A Pennsylvania man landed himself in the hospital and then a prison cell after a failed “cut and run.” David Lee brought a knife to his Walmart heist when he removed a Straight Talk Wireless phone from a shelf — but the burglary wasn’t so cut-and-dry. When Lee later attempted to remove the phone from its packaging, he ended up stabbing himself in the arm. Store employees noticed the bloody trail before Lee ran off to a local hospital. Local staff took a stab at taking care of the wound, but it was so severe that Lee had to be flown to a Pittsburgh hospital. His efforts weren’t entirely fruitless, as he finally got his one phone call and some time on his prison plan.

This week in Florida

Brooksville, Florida, resident Nickole Dykema was struck by the long arm of the law but not before she tried to strike police officers with a machete. Police were called to the Florida home after Dykema’s neighbor complained that Dykema, who apparently has no chill, had slashed her window screen and air conditioner.

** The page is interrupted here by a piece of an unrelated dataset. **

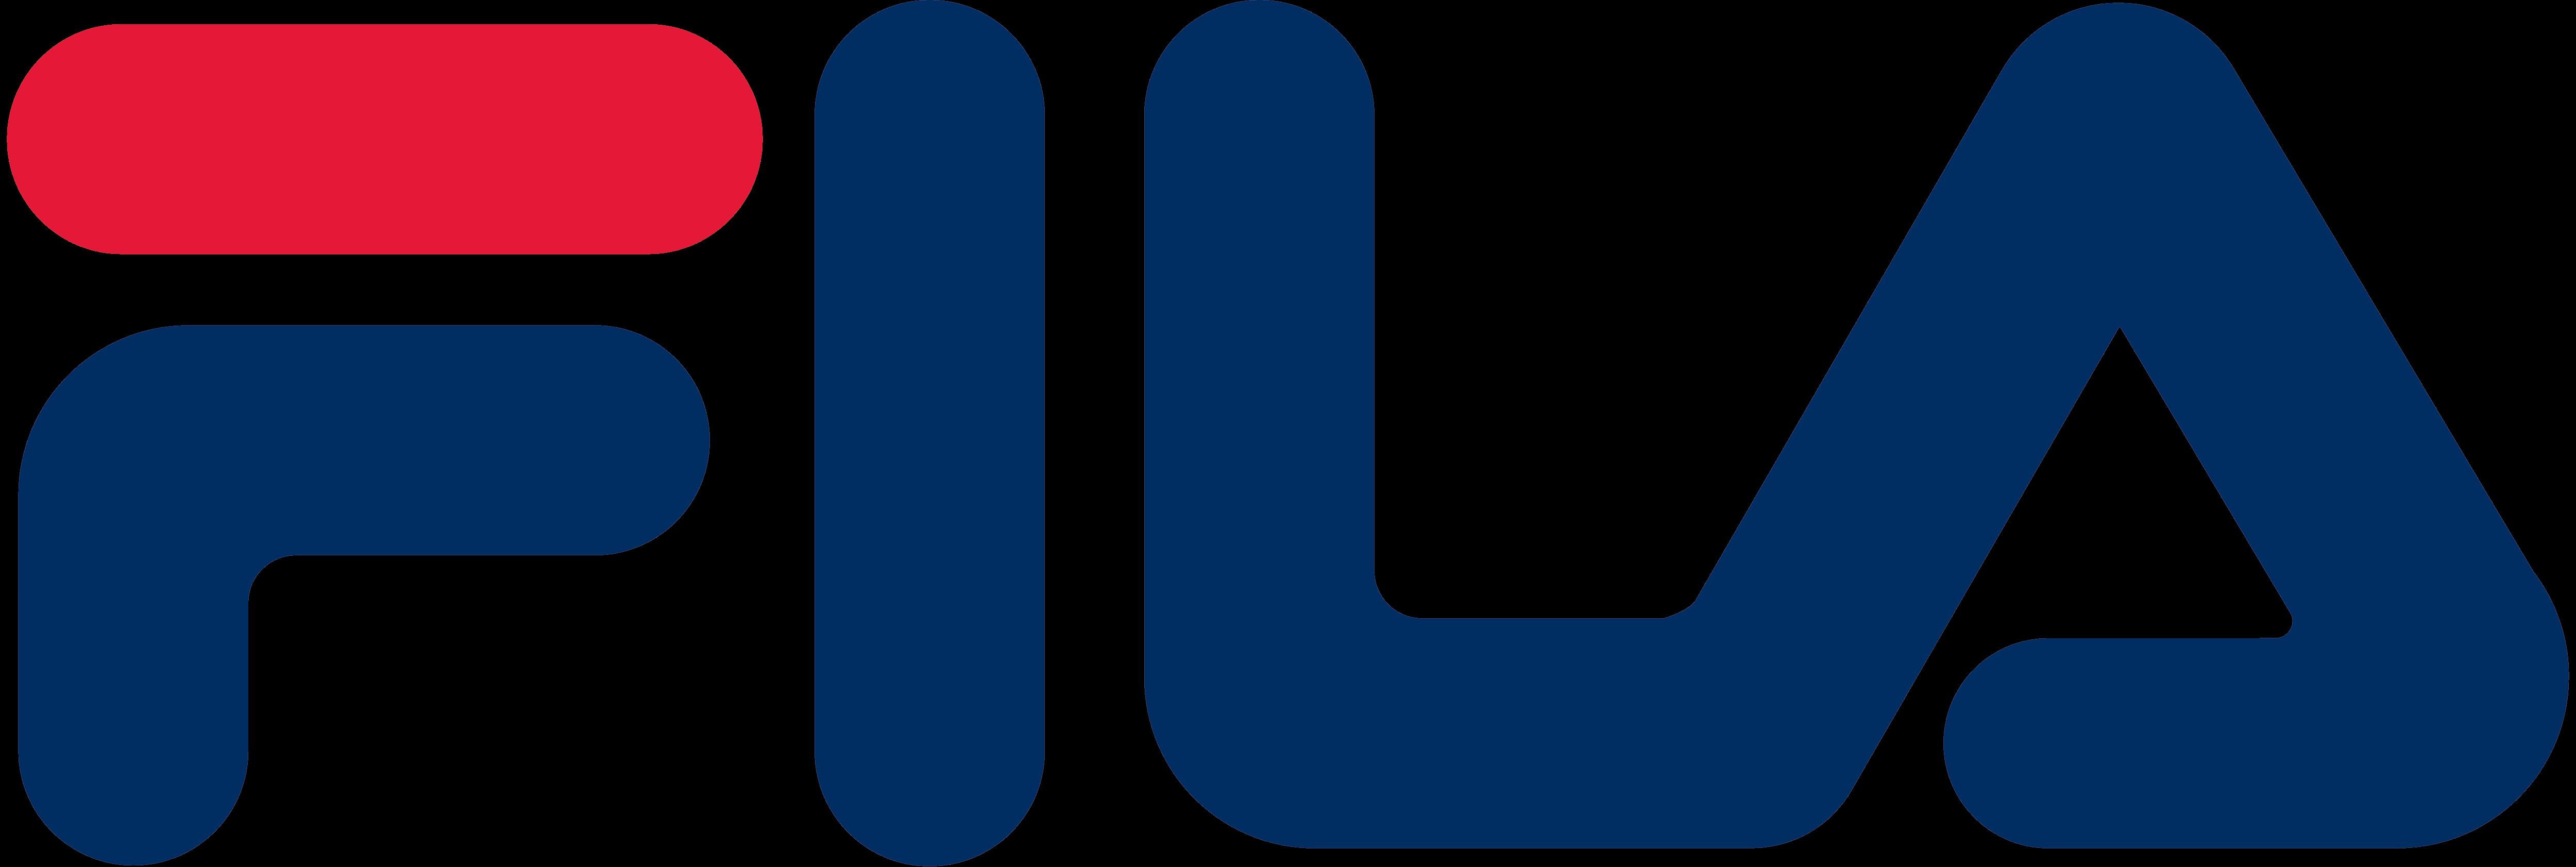 Footwear logo creator

Once police forced themselves into Dykema’s home, they found more than 3,500 machetes, swords and knives hung up on her walls and arranged around a satanic shrine. After discovering that she was on probation for shoplifting knives from a dollar tree store last year, deputies cut her off from owning weapons and took her into custody. At least in the criminal system, Dykema has a friend in the cell phone bandit.

Carving the waves

On Sept. 5, Todd Sandstrum spilled some pumpkin guts to raise awareness for agriculture. In an act oddly reminiscent of a fall Starbucks commericial, Sandstrum paddled an award-winning 817-pound pumpkin down the Taunton River in Massachusetts in an attempt to set a Guinness World Record. The stunt actually turned out to be the latest Starbucks commercial — pumpkin spice season is officially here. Todd and his pumpkin are also starring in the new fall classic, “Jack and the giant pumpkin.”

Bright diamond, dim idea

Last Thursday, a Chinese woman visiting Bangkok had a rough ending to her trip. That Thursday night, police arrested Jiang Xulian and her male travel companionan in Bangkok’s Suvarnabhumi Airport when surveillance video from a jewelry fair revealed that the couple had not-so-sparkling personalities. They were accused of switching a fake stone for a $278,000 diamond earlier that day. Police were perplexed when the diamond appeared to have disappeared, until an x-ray revealed the diamond unglamorously habitating in Xulian’s large intestine. The doctor confirmed their suspicions when he successfully removed the diamond on Sunday. The couple learned a valuable lesson — crime leaves a bitter aftertaste, and there are some things pepto bismol can’t solve.